A practical vendor comparison tactic: require pricing split into build + evaluation + operations (first 90 days, then steady-state).
Timeline
A production-minded plan usually includes:
- Discovery plus evaluation plan first.
- MVP that includes monitoring and rollback.
- Hardening and staged rollout with measurable quality gates.
If a proposal says “monitoring later,” timeline risk goes up and rework is likely.
Risks
- Hidden technical debt: prototype-first ML often creates long-term maintenance cost.
- Drift: real-world inputs change, quality degrades without monitoring and refresh triggers.
- Security failures: weak secure SDLC and weak app controls create avoidable vulnerabilities.
- GenAI-specific threats (if applicable): prompt injection, data leakage, and unsafe tool use.
- Governance gaps: unclear intended use leads to misuse and compliance exposure.
Alternatives
- Hire a fractional ML lead to define evaluation, MLOps, and governance, then use a smaller build team.
- Use managed ML platforms and focus spend on data quality, evaluation, and monitoring.

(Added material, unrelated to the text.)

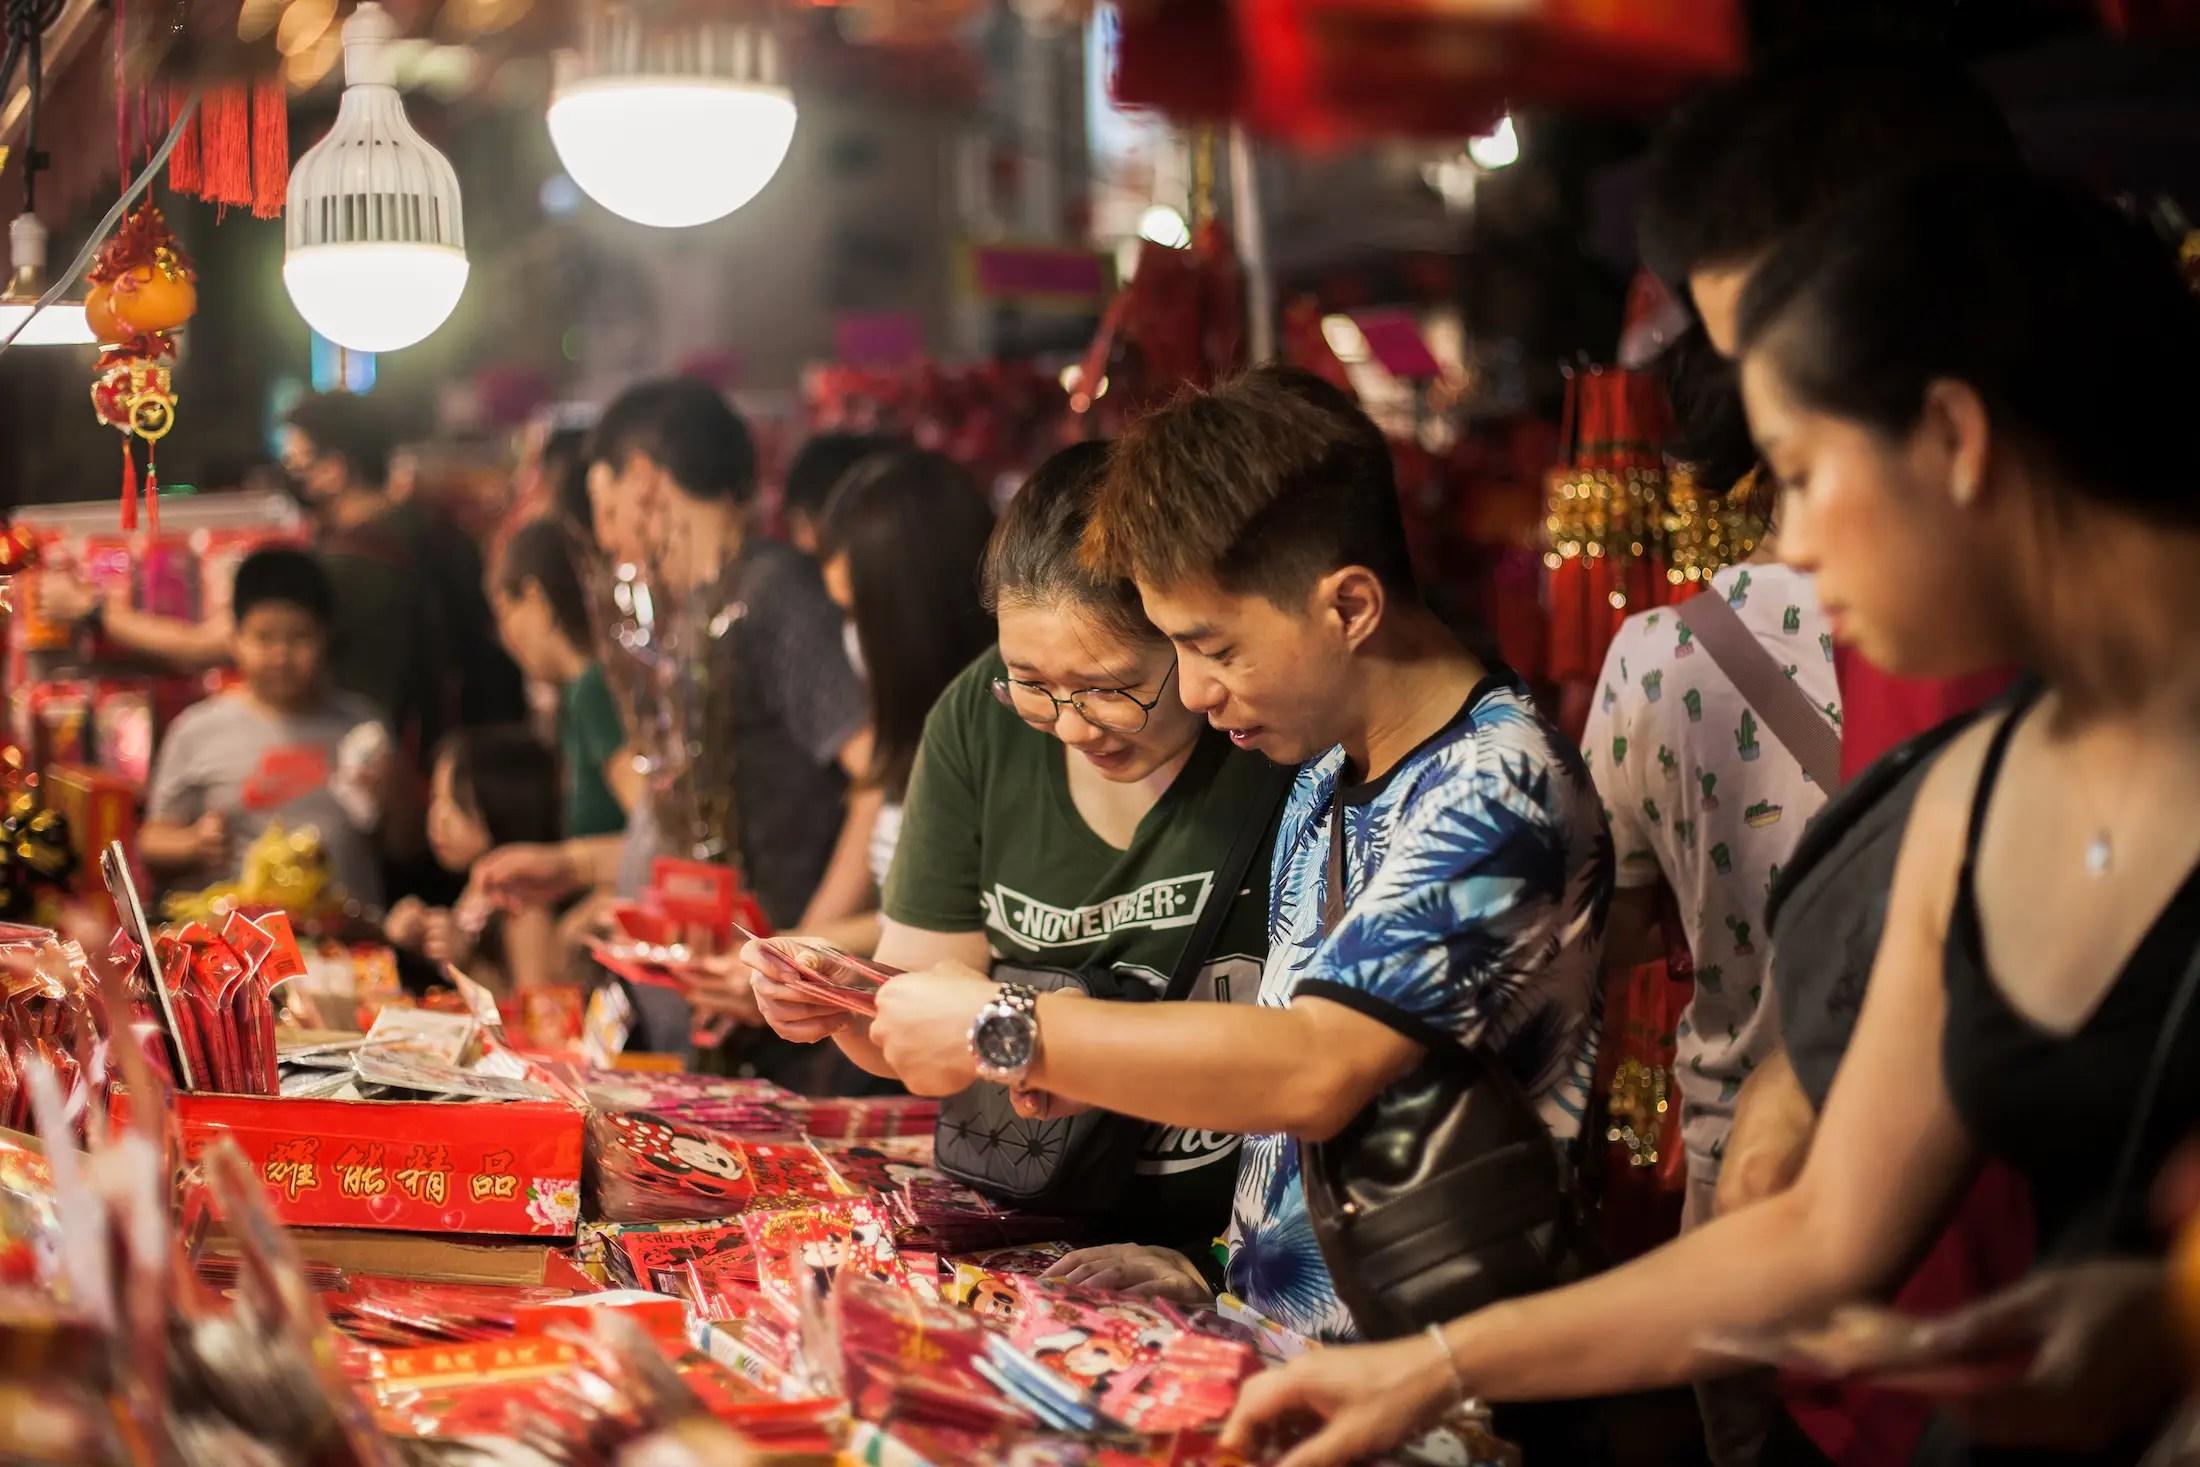 Singapore coronavirus: Lying to investigators may result in jail ...

- Start with rules-based automation for hard constraints, and add ML only where variability makes rules unmaintainable.
Common mistakes and edge cases
Common mistakes
- Picking based on demo polish instead of evaluation and ops evidence.
- Accepting “we’ll add MLOps later.”
- No dataset or model documentation, so limitations stay implicit.
Edge cases to probe
- Low data volume or messy labels: what is the fallback and baseline?

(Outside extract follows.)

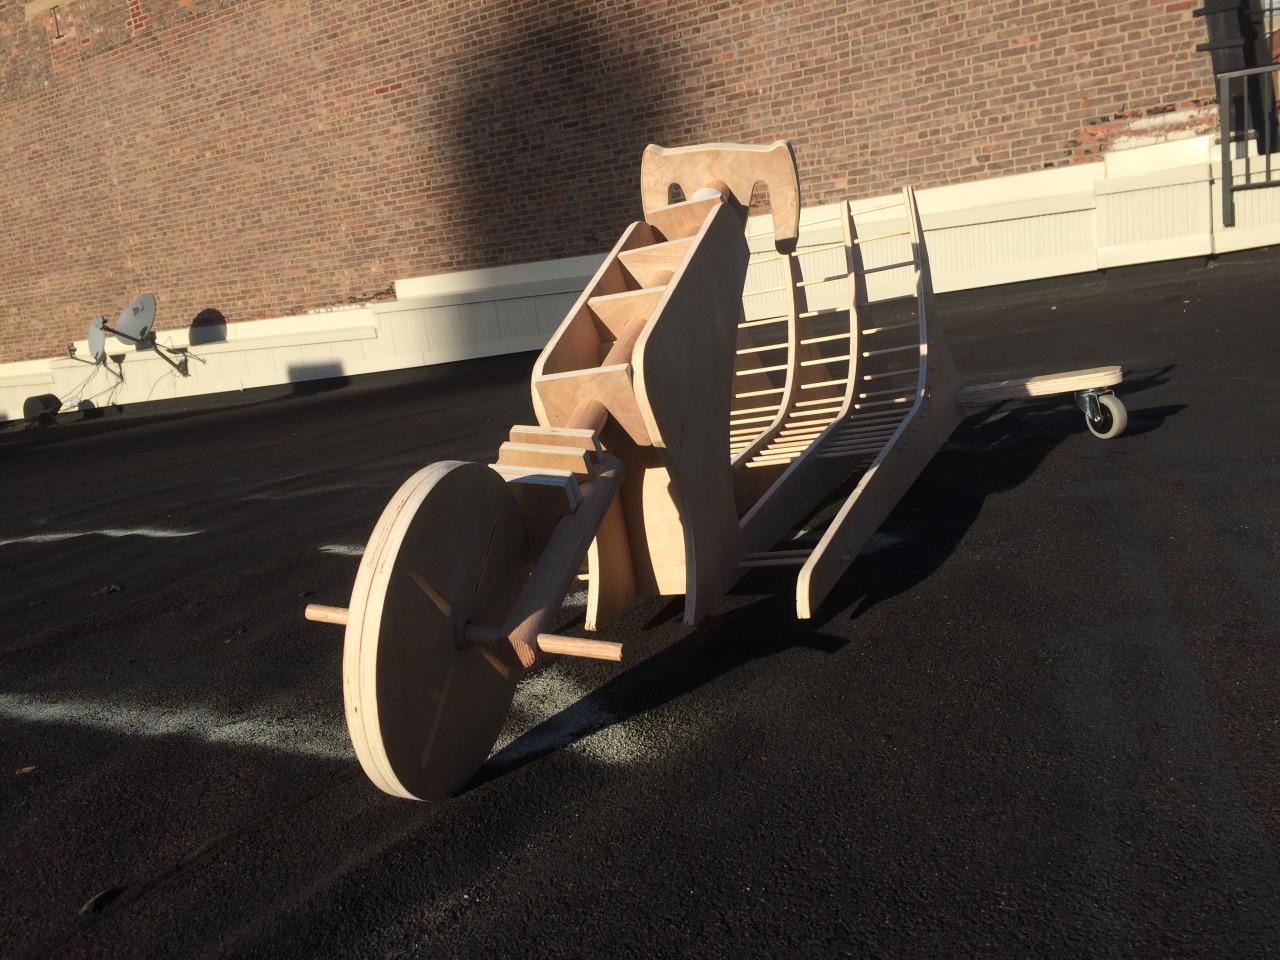 Drift Trike Prototype 2015 Max Ginesin

- Rare events (fraud, safety issues): how do they sample and evaluate?
- Feedback loops: how do they prevent the system learning from its own outputs over time?
FAQ
What’s the fastest way to spot a prototype-only vendor?
They cannot show an evaluation plan, a monitoring approach, or a rollback story.
What deliverables should be written into the contract?
Evaluation plan/report, regression testing plan, monitoring and alerting plan, model cards, dataset datasheets, and an operational runbook.
If the project includes LLMs, what extra proof matters?
A GenAI threat model and mitigations aligned to common LLM risks (OWASP LLM Top 10), plus tests for groundedness and safe refusals.
How do I compare two vendors fairly?
Give both the same representative dataset and acceptance criteria, then score evaluation rigor, operational plan, and documentation quality, not UI polish.
Summary
- Assess AI vendors by production evidence: evaluation, pipelines, monitoring, incident readiness, and rollback, not demos.
- Require standard artifacts: model cards, dataset datasheets, evaluation reports, and an MLOps runbook.
- For GenAI work, insist on OWASP LLM risk coverage and NIST-aligned risk management for governance and safety.